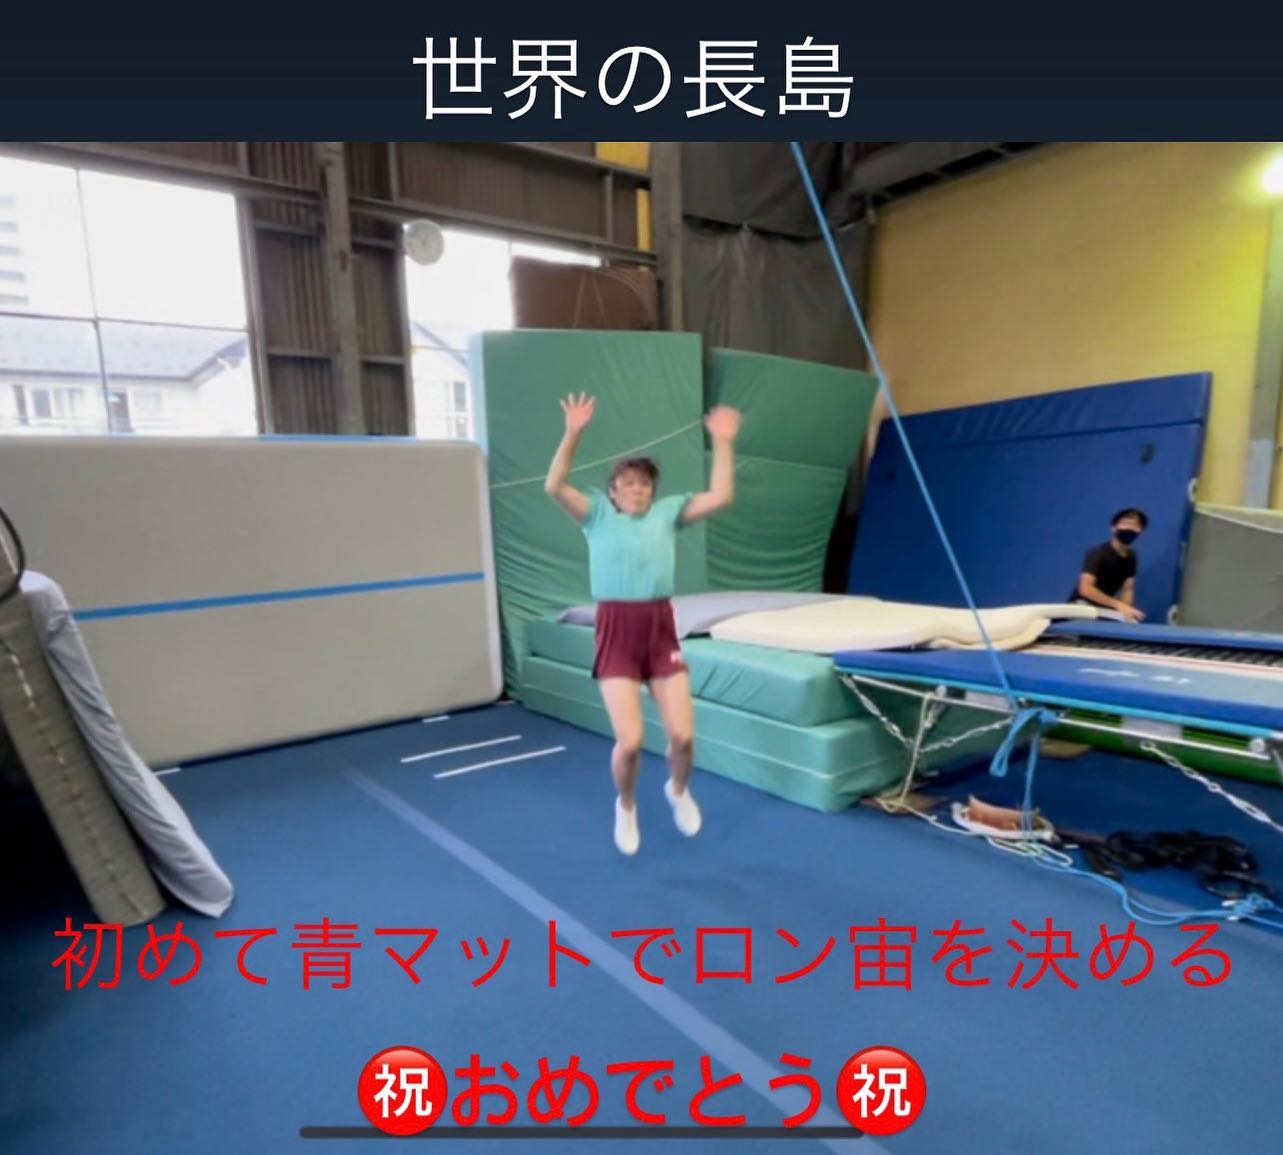 チアタンブリング青マットでロン宙初めてできました！おめでとう️詳しくはInstagramで@nozawa.trampoline
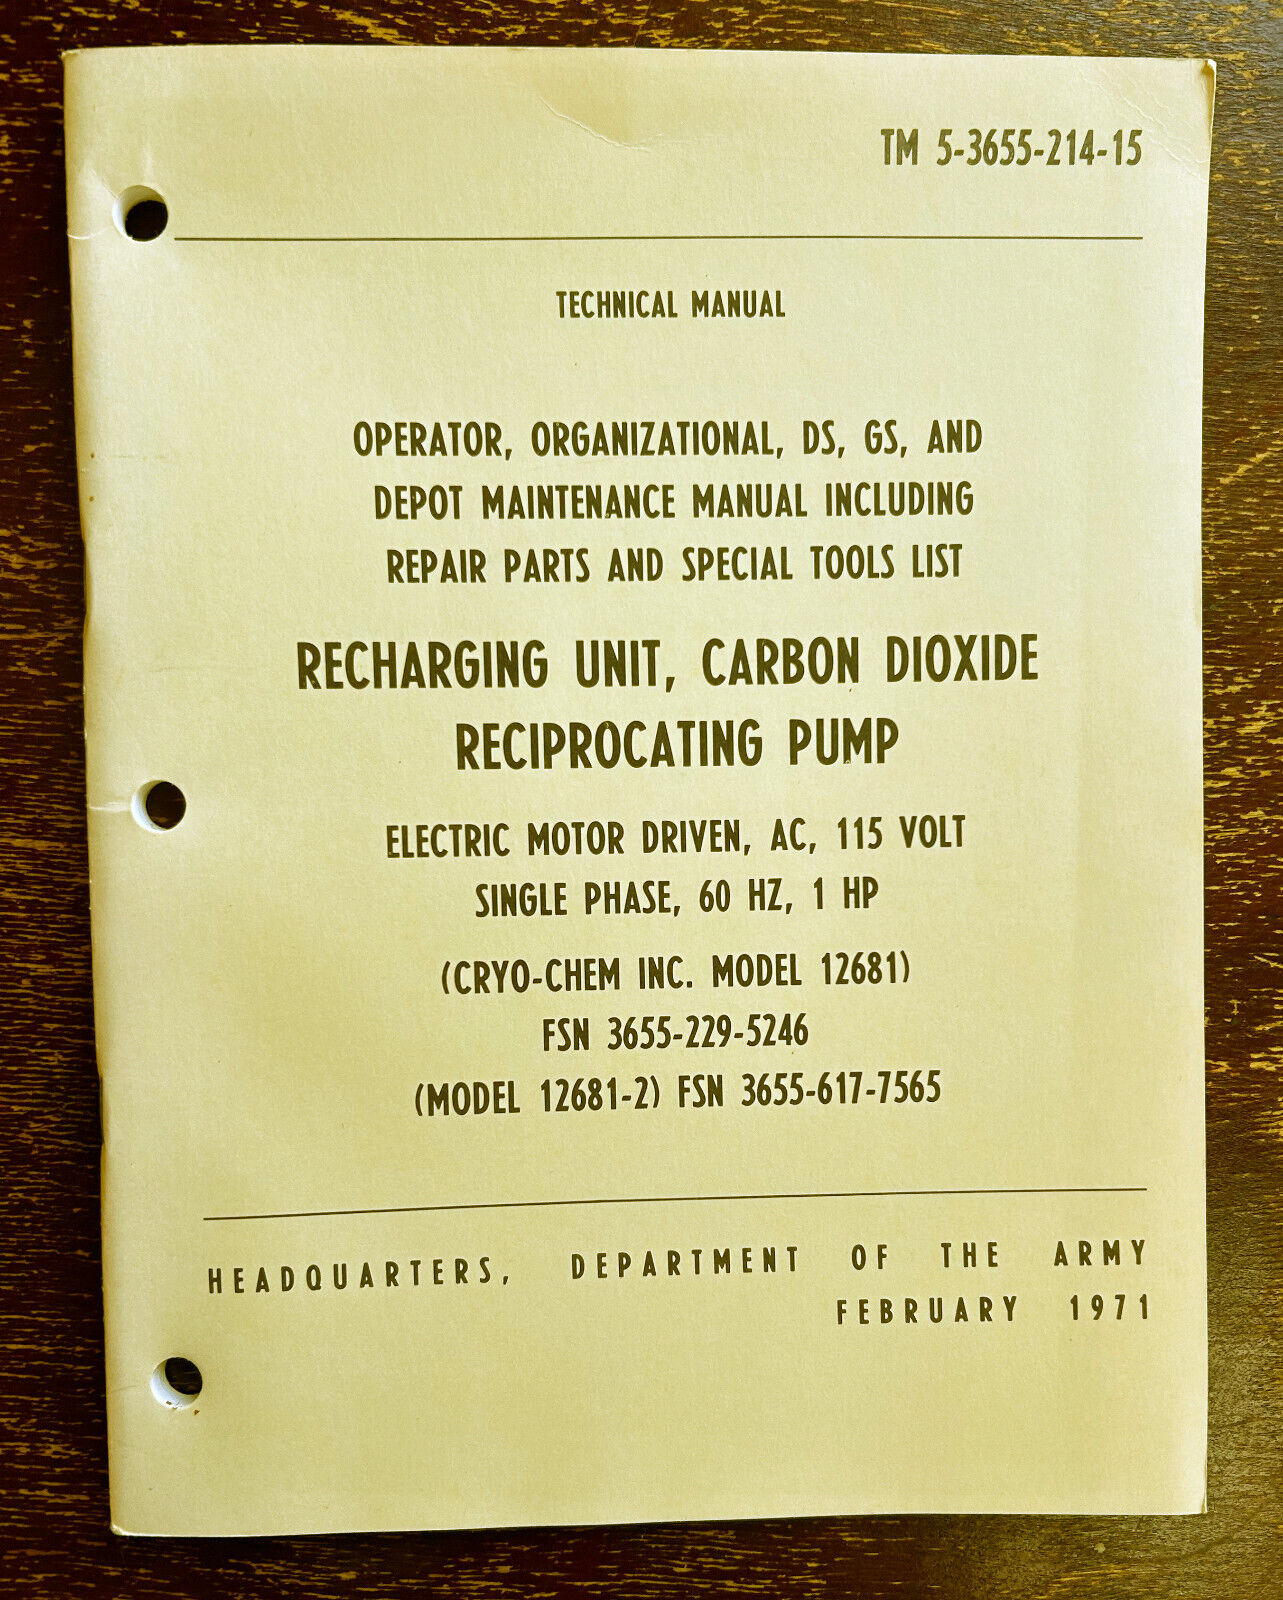 1971 RECHARGING UNIT, CARBON DIOXIDE RECIPROCATING PUMP, TM 5-3655-214-15, CRYO
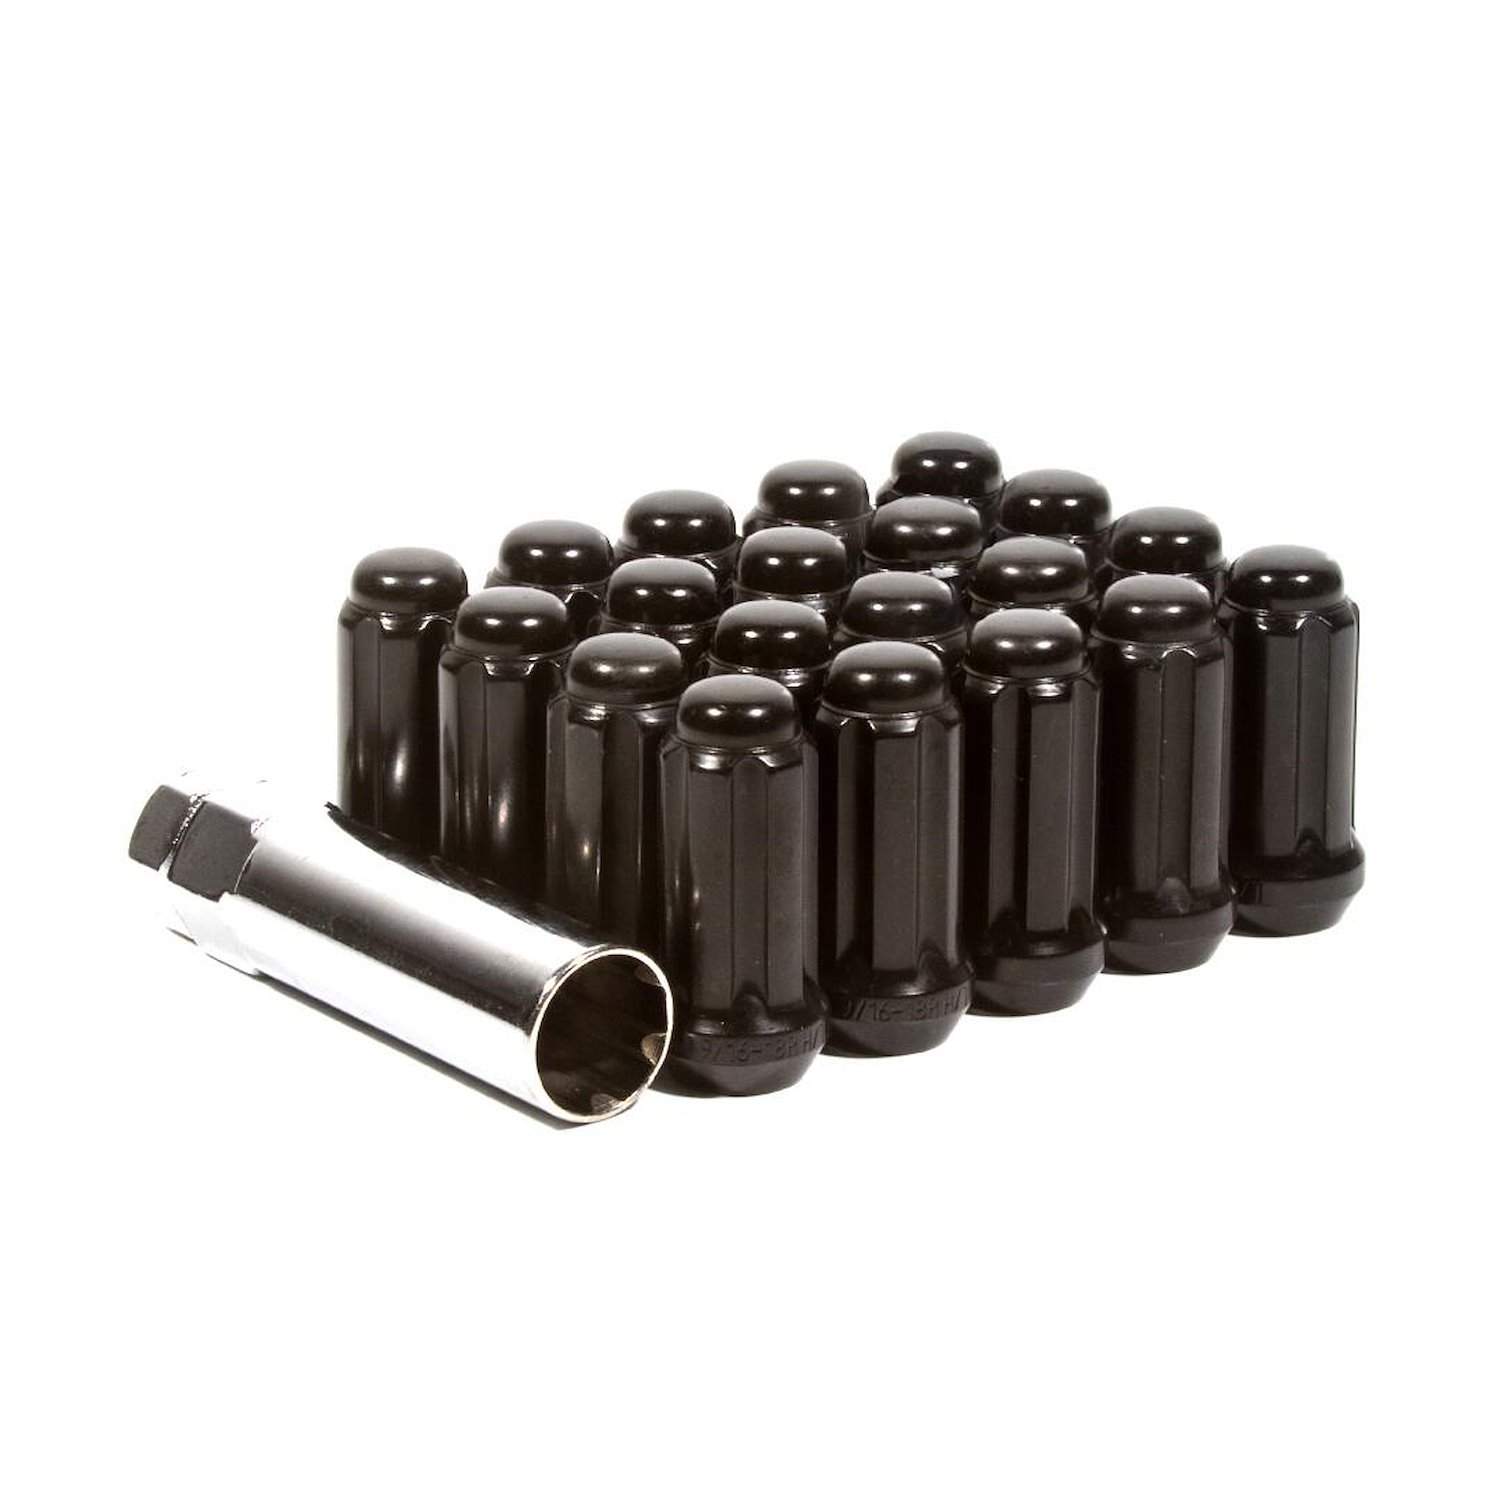 LK-W55012SB Lug Kit, Spline, 1/2-20, 5 Lug Kit, Black, 20 Nuts
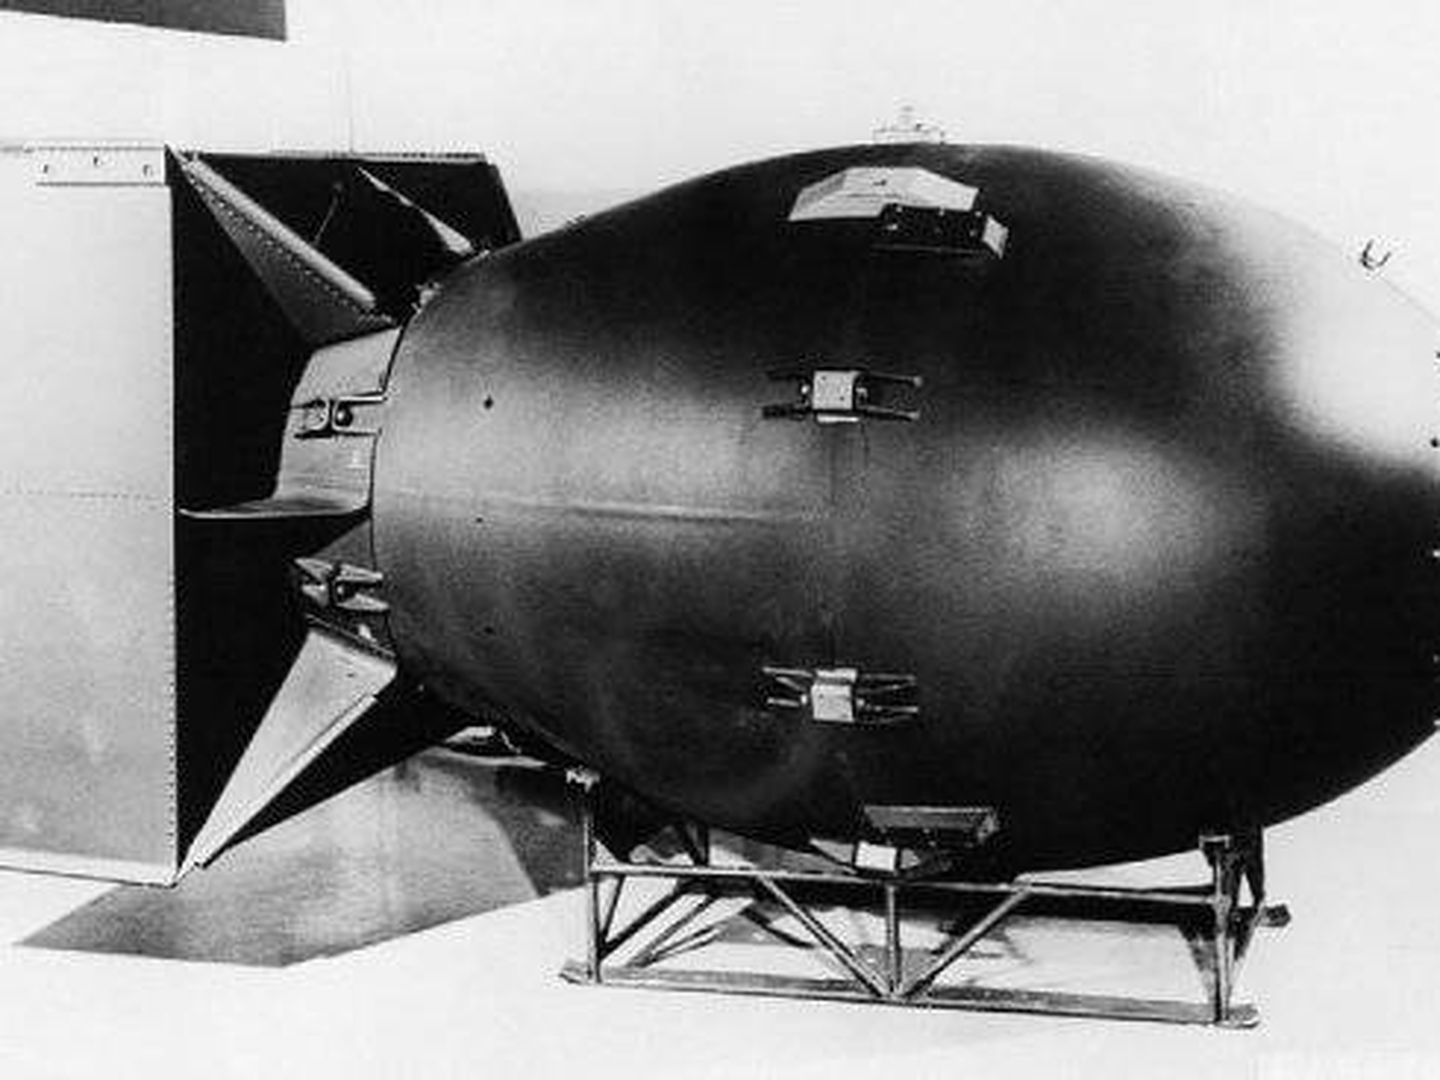 Vista de Fat Man, la bomba atómica lanzada en 1945. (M.MC)

*WHAT TO WORK ON*. Word for word, retype the lines from the one that contains "1971 RECHARGING UNIT, CARBON" through the final line of the data, both ends included, excluding pictures.

*WRITTEN REPLY*.
 1971 RECHARGING UNIT, CARBON DIOXIDE RECIPROCATING PUMP, TM 5-3655-214-15, CRYO
 LK-W55012SB Lug Kit, Spline, 1/2-20, 5 Lug Kit, Black, 20 Nuts
 Vista de Fat Man, la bomba atómica lanzada en 1945. (M.MC)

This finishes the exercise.